Quote word for word from the line holding "f85x5m hashtag on" to the last line below, including both, and omit any pictures.

------------------------------

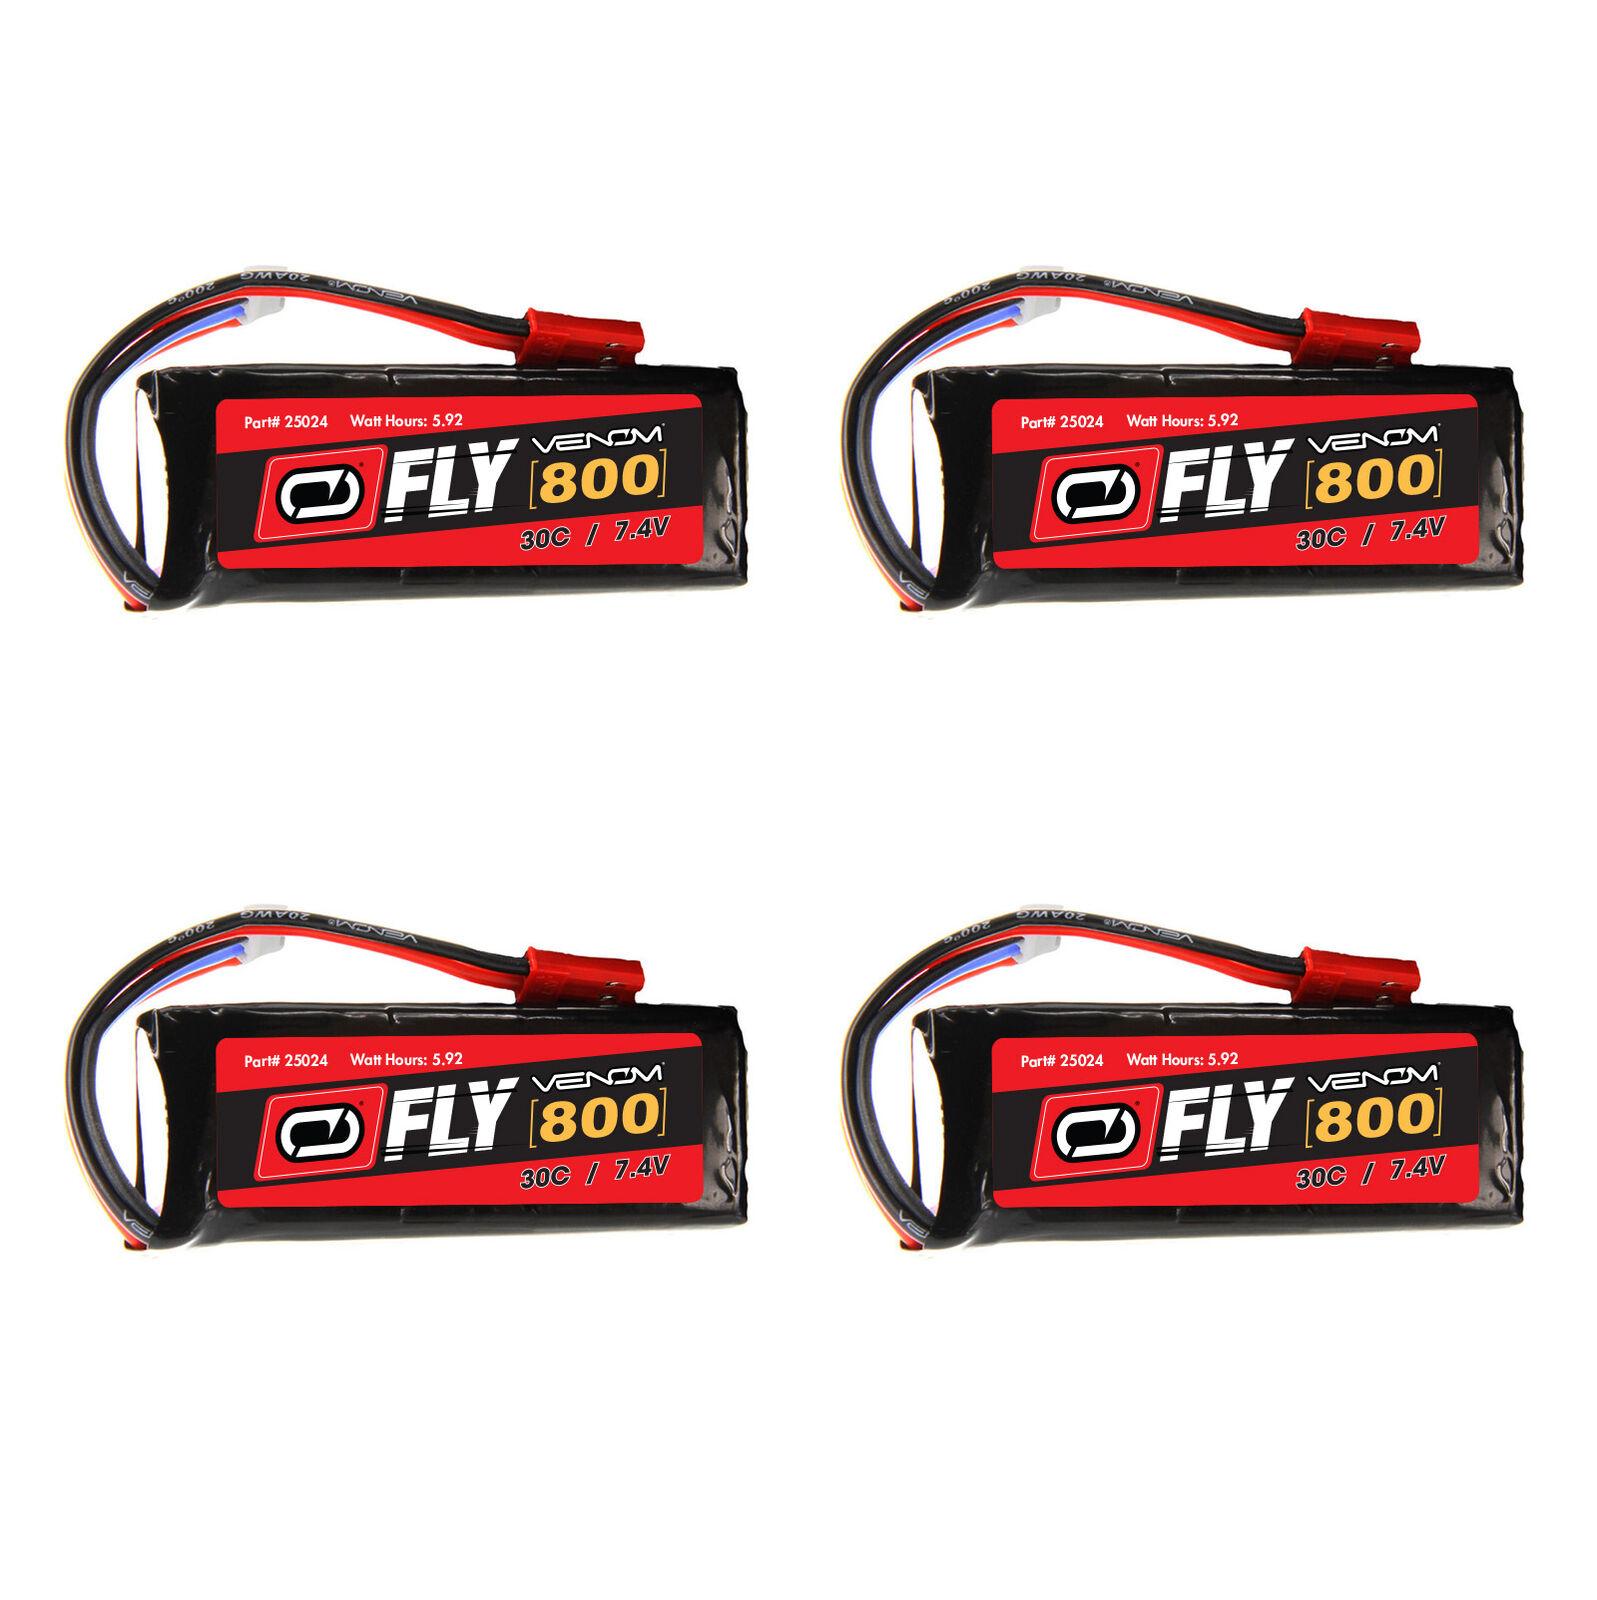 Venom volar 30C 2S 800mAh 7.4V batería LiPo con paquetes de Enchufe x4 JST
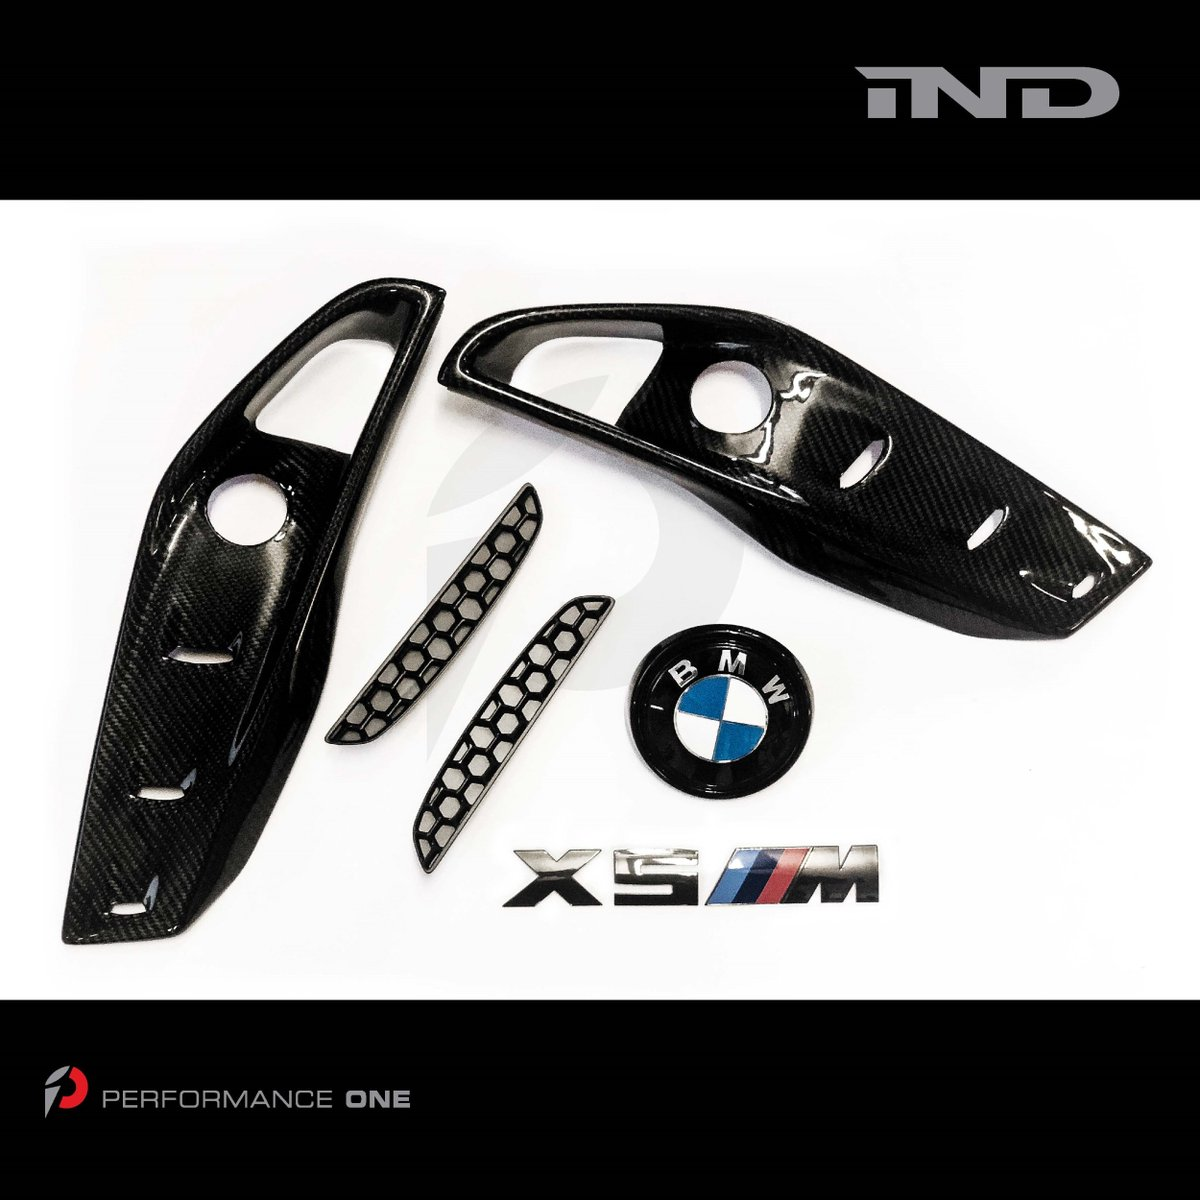 f85x5m hashtag on twitter BMW M4 Chrome rear reflector inserts in matteblack indstyle black chrome emblem glossblack trunk roundel rkp posites carbonfiber front bumper inserts
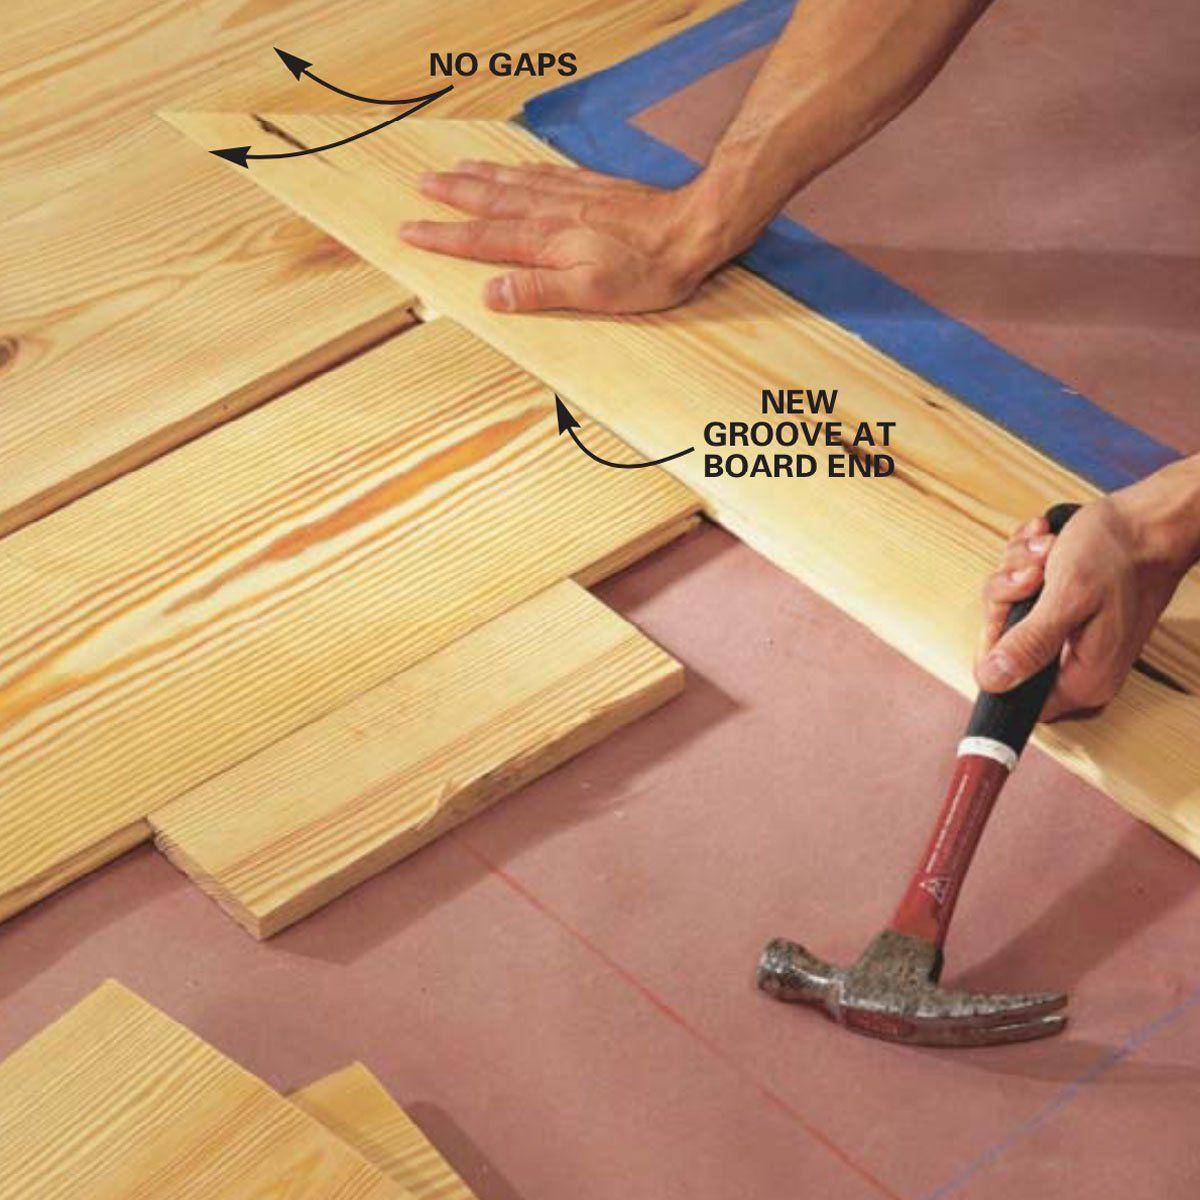 How to Install Pine Floors Pine floors, Diy wood floors
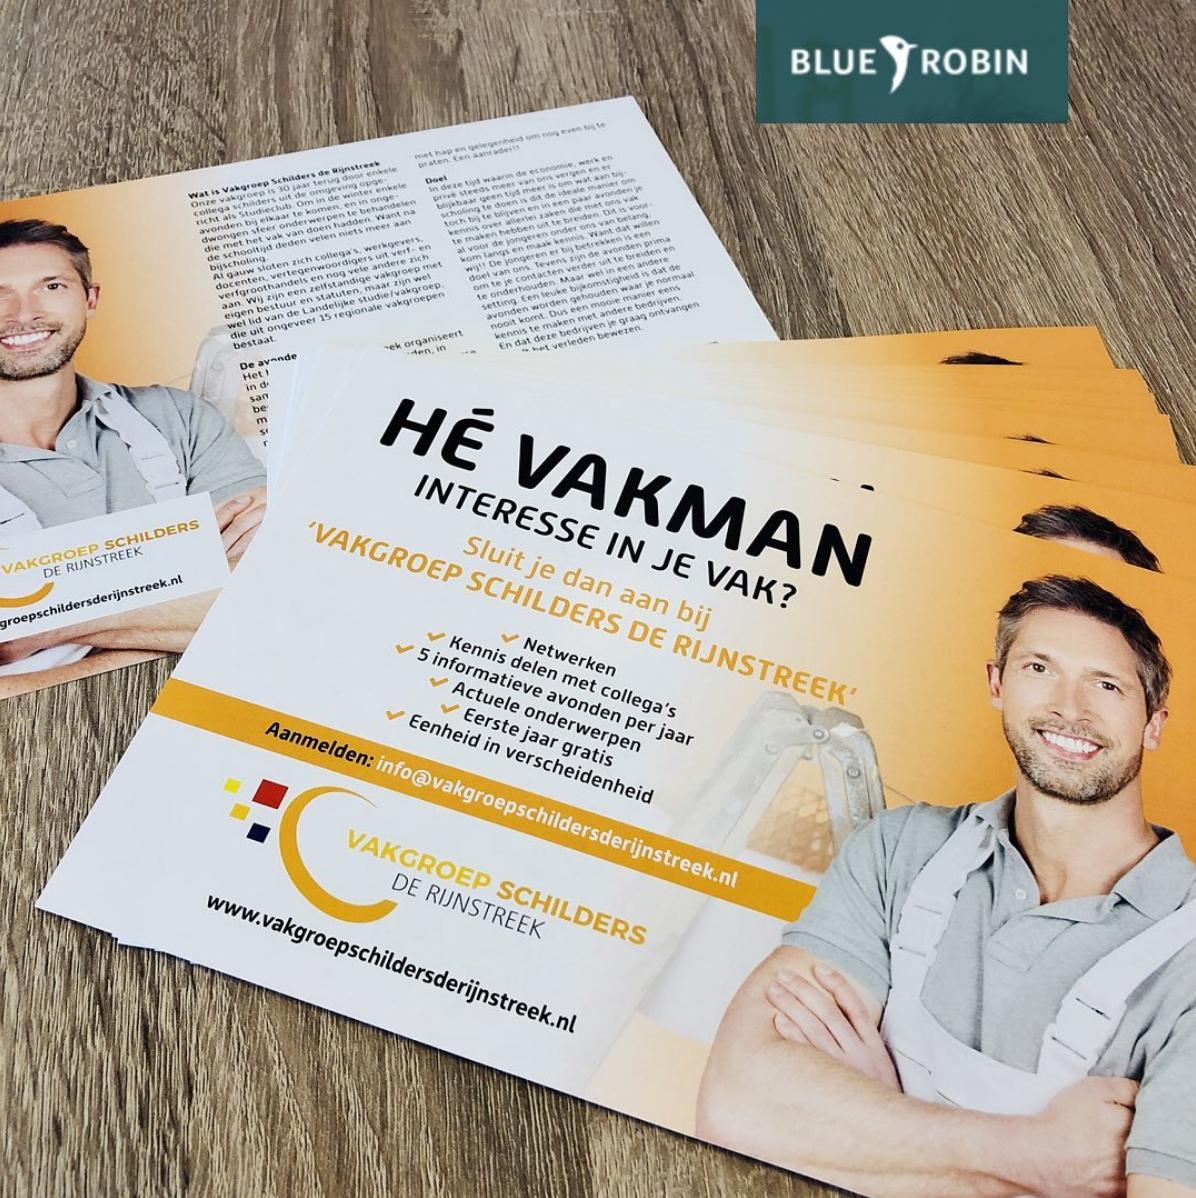 flyers-he vakman
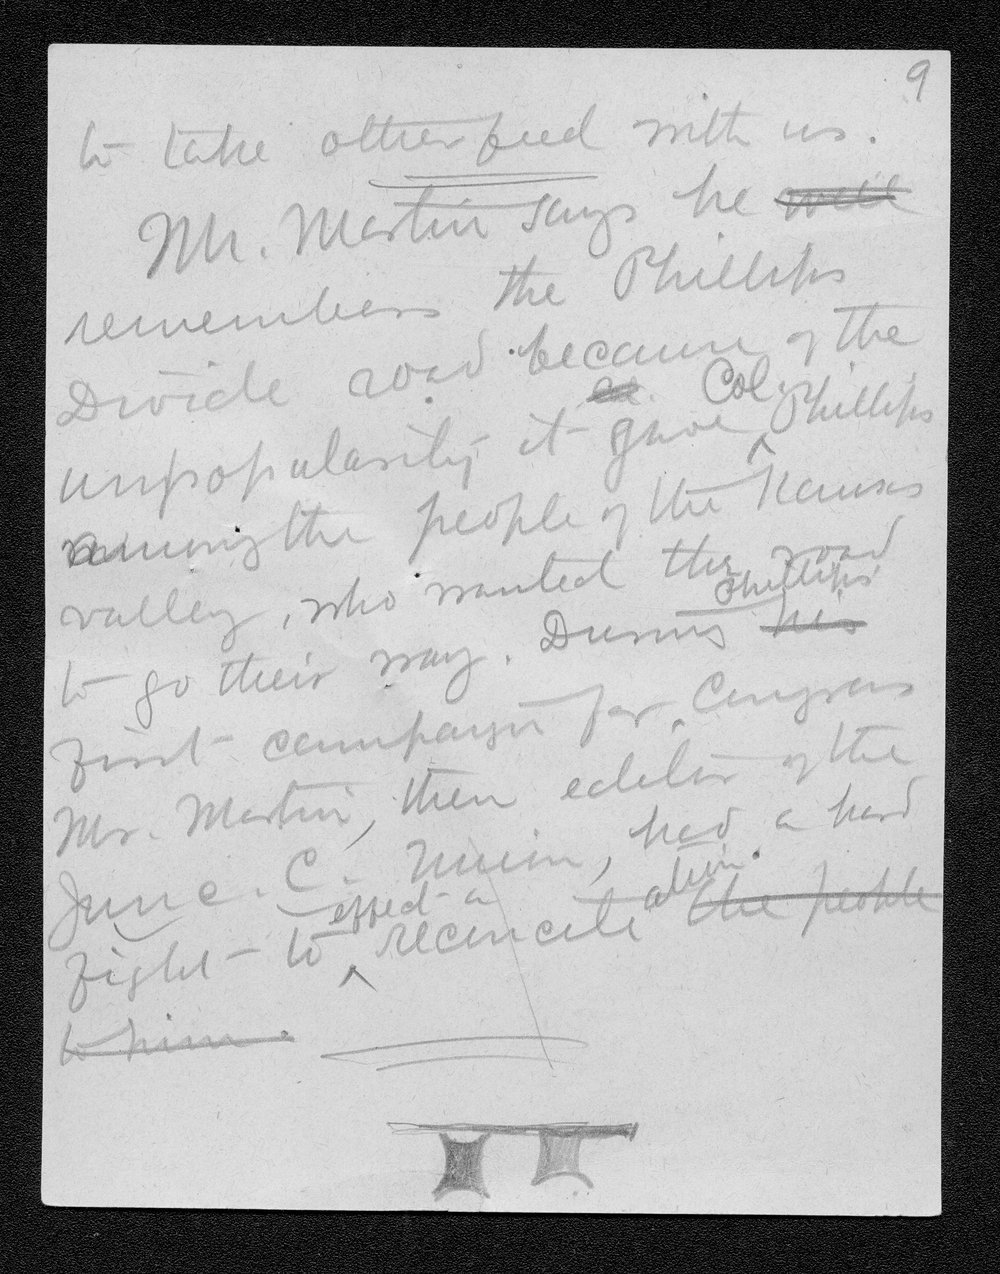 Trails correspondence - 10

------------------------------

Task output =
 f85x5m hashtag on twitter BMW M4 Chrome rear reflector inserts in matteblack indstyle black chrome emblem glossblack trunk roundel rkp posites carbonfiber front bumper inserts
 How to Install Pine Floors Pine floors, Diy wood floors
 flyers-he vakman
 Trails correspondence - 10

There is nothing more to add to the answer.